What has writing taught you about yourself?
Ummmm… plaid? I don’t know that it’s taught me anything about myself, really. I don’t think of it as a spiritual process.

How do the people in your life seem to view your writing career?
They’re supportive of it and curious about it. I know some of them think what I do is a little “unusual,” but that’s pretty much correct. 😉 And I think a few of them are jealous of my control over my own schedule.

Are there any stereotypes about writers that you don’t think are true?
Probably any and all of them. Writers are such a diverse bunch that I don’t think you can accurately say much about us as a group other than that we write.
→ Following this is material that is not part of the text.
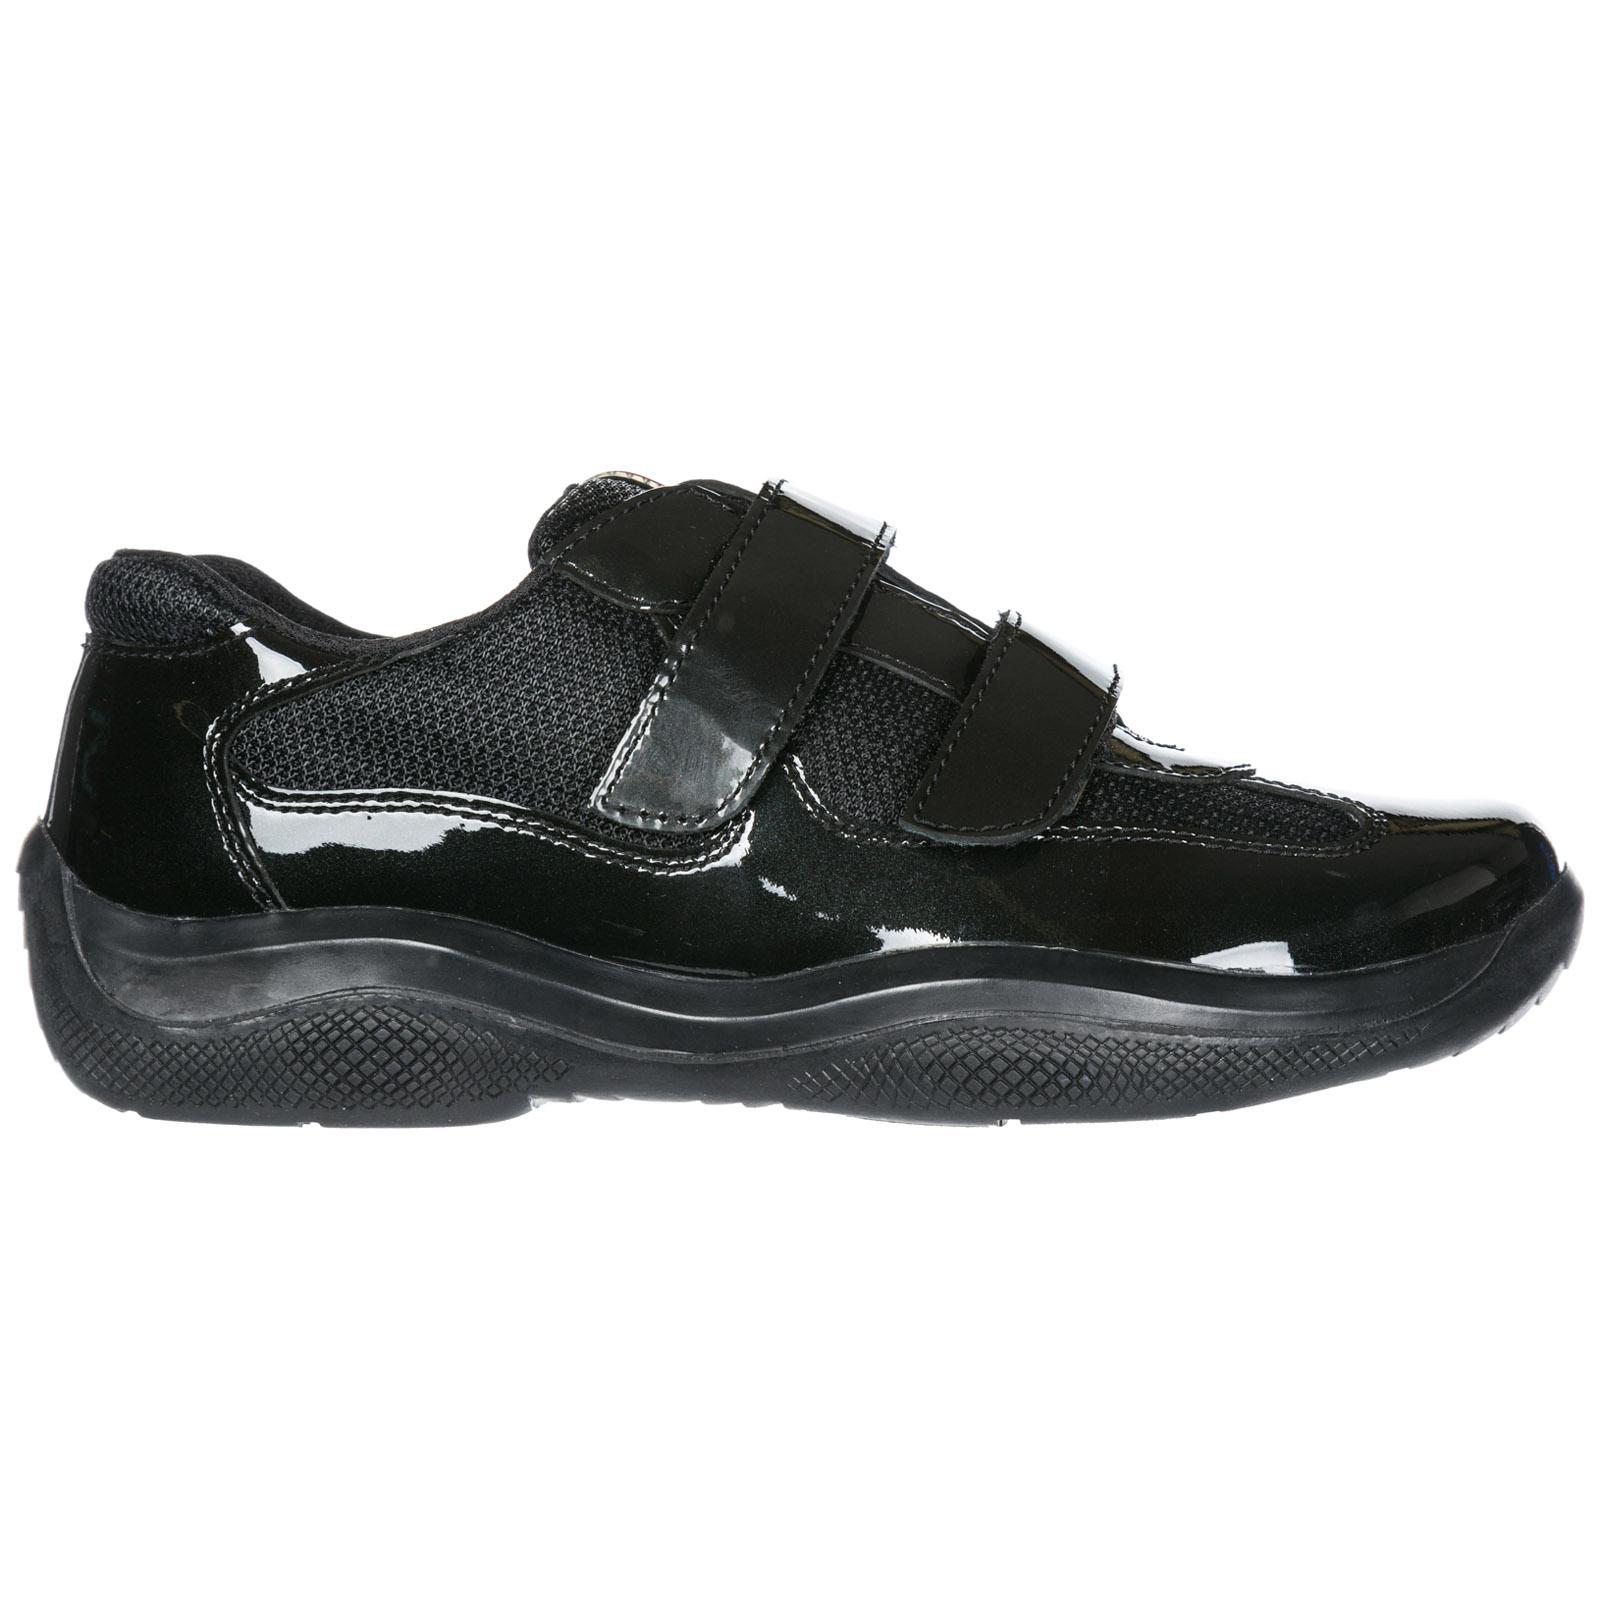 6b8f6fbc94 S Sneakers Cup Scarpe Pelle In Prada pgwqanBpf Donna America TzCOnBxB

What do you see as the biggest challenge today for writers starting out?
The same challenge writers have always had — getting noticed, attracting readers/customers. Self-publishing offers possibilities that never existed before, which is great, but I don’t think the odds of a starting writer succeeding via self-publishing are much different than they’ve always been via “traditional” publishing.

Have you made any writing mistakes that seem obvious in retrospect but weren’t at the time?
Oh, sure, lots of them. Little things, mostly, but looking back on my work I can see them. I like to think that every book or story I write, I learn something.

Is there a particular project you would love to be involved with?
It’s hard to name just one! There are so many things I’d love to work on. For example there are lots of licensed RPGs for favorite IPs of mine that I never got to work on. From a fiction standpoint, I’d love to be involved in creating a classic “shared world” anthology that went on to become a big success.

How do you deal with your fan base?
With as much respect and love as possible! I really appreciate my fans and am grateful for every one of them. I just wish I had a few million more. 😉

Finish this sentence; my fans would be surprised to know ___ about me.
That I’m really not that big a fan of many IPs in genre culture. Some of the biggest or most popular (e.g., Superman, Star Wars) just don’t hold that much appeal for me. I often seem to be attracted to the old and now-neglected stuff, the quirky classics, the obscure authors.